Adem (Aleyhisselam) da: ‘Ya Rabbi! Beni yarattığımda başımı kaldırdım ki, Arş’ın sütunlarında: “La ilahe ilallah, MuhammedürRasulüllah” yazılı olduğunu gördüm. Senin ismine bitiştirdiğin kimsenin, muhakkak ki Senin en çok sevdiğin bir kimse olduğunu anladım’ dedi.
Allahu Teala’da: “Ey Adem! Doğru söyledin. O hakikaten yarattıklarım içinde en çok sevdiğimdir. Madem ki O’nun hakkı için benden affını istedin ben de seni affettim. Zaten o olmasaydı seni yaratmazdım.” buyurdu. (Hakim el-Müstedrek, no:4228, 2/672; Beyhaki, Delailü’n-Nübüvve 5/489)

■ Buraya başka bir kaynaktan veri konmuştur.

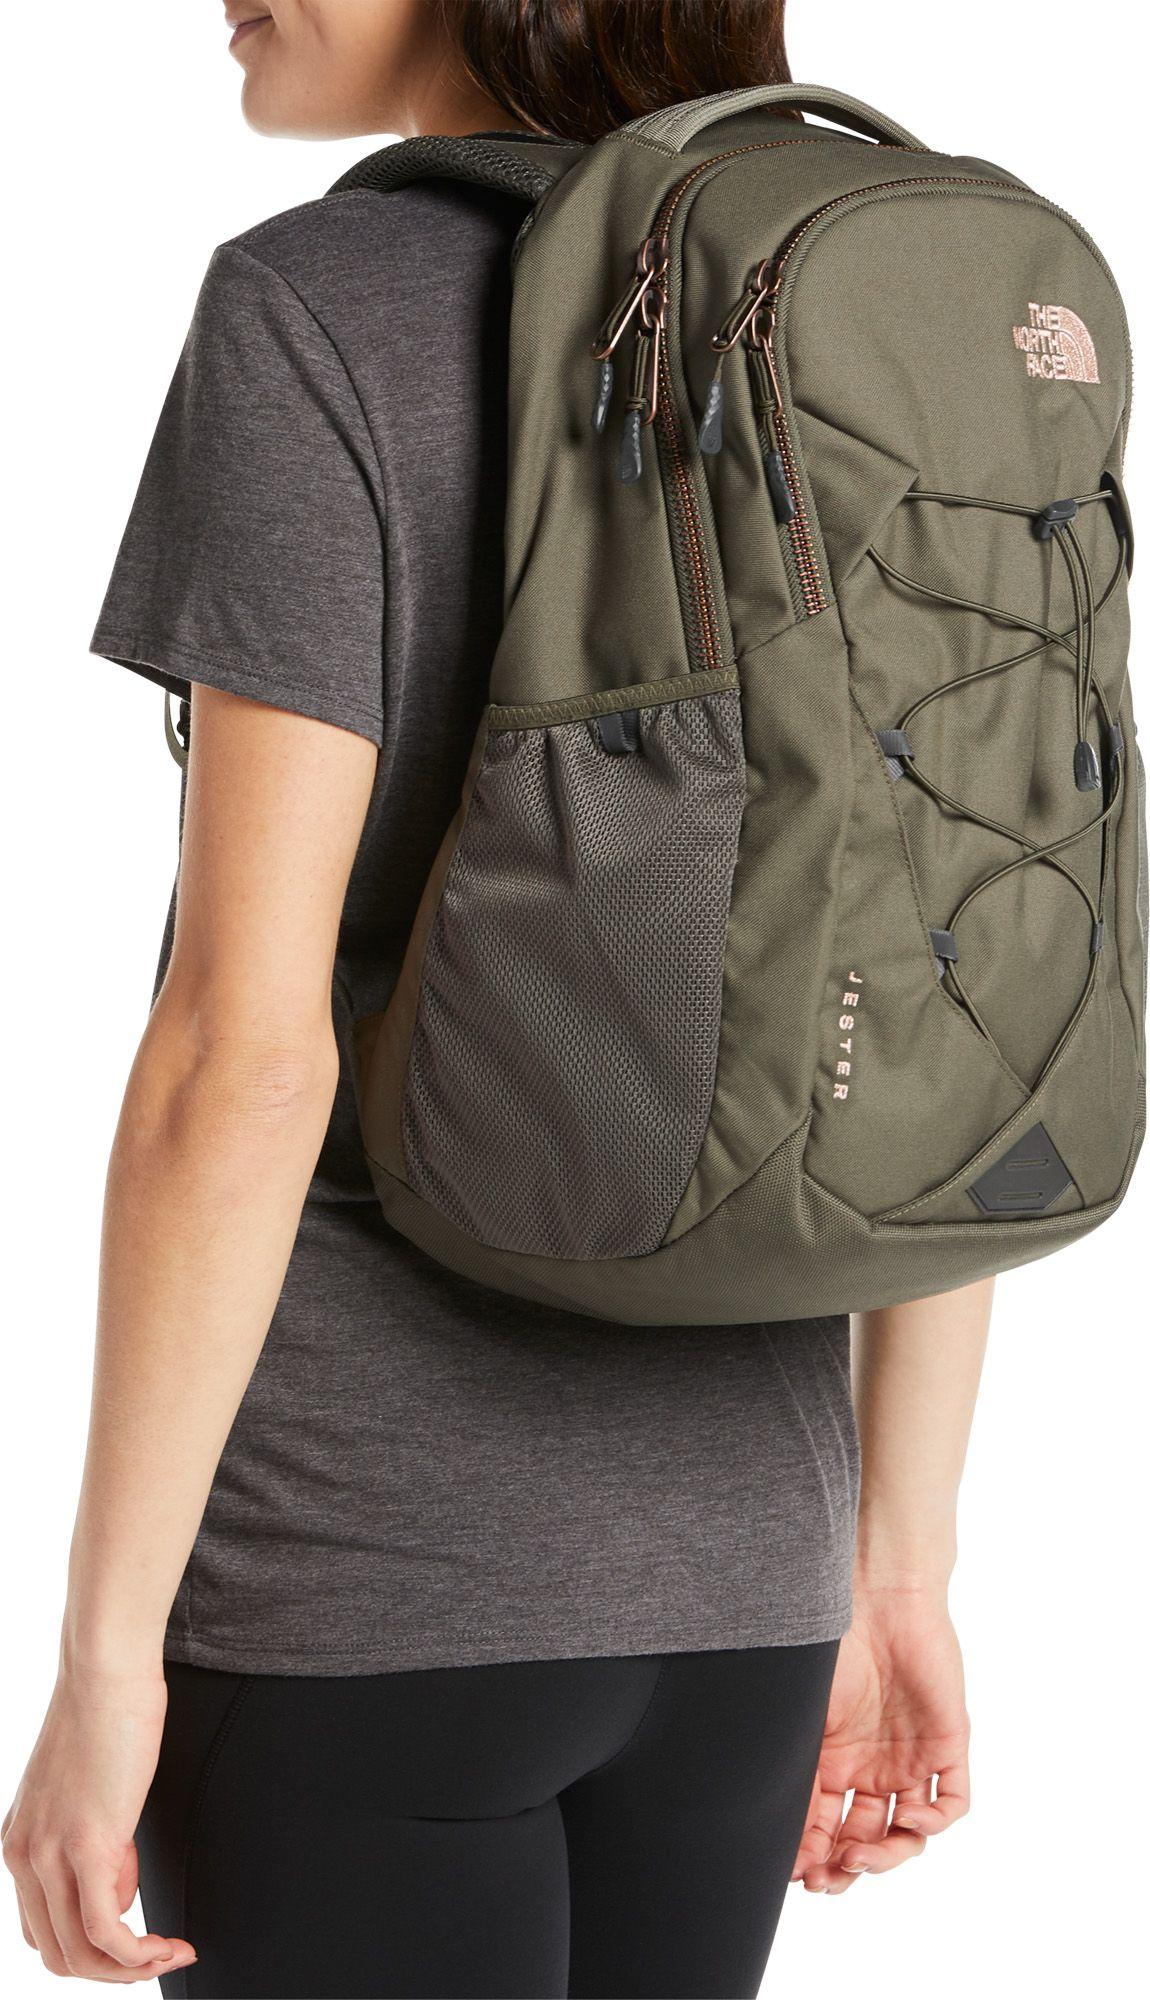 jester luxe backpack

RESULÜLLAH’IN KABRİNE DÖNEREK DUA ETMEK
Abbasi halifesi Mansur hacca gittiği zaman Resulüllah (Sallallahu Aleyhi v Sellem)in mezarını ziyarete vardığında orada bulunan İmam-ı Malik (Rahimehullah)a: ‘Ya Ebu Abdillah! Resulüllah (Sallallahu Aleyhi ve Sellem)in kabrine doğru mu, yoksa kıbleye dönüp de mi dua edeyim?’ dedi.
İmam-ı Malik (Rahimehullah) da Mansur’a: “Niçin yönünü O’ndan çevireceksin? Halbuki o senin de, baban Adem (Aleyhisselam)ın da Allah’a yakın olmanız için bir vesiledir.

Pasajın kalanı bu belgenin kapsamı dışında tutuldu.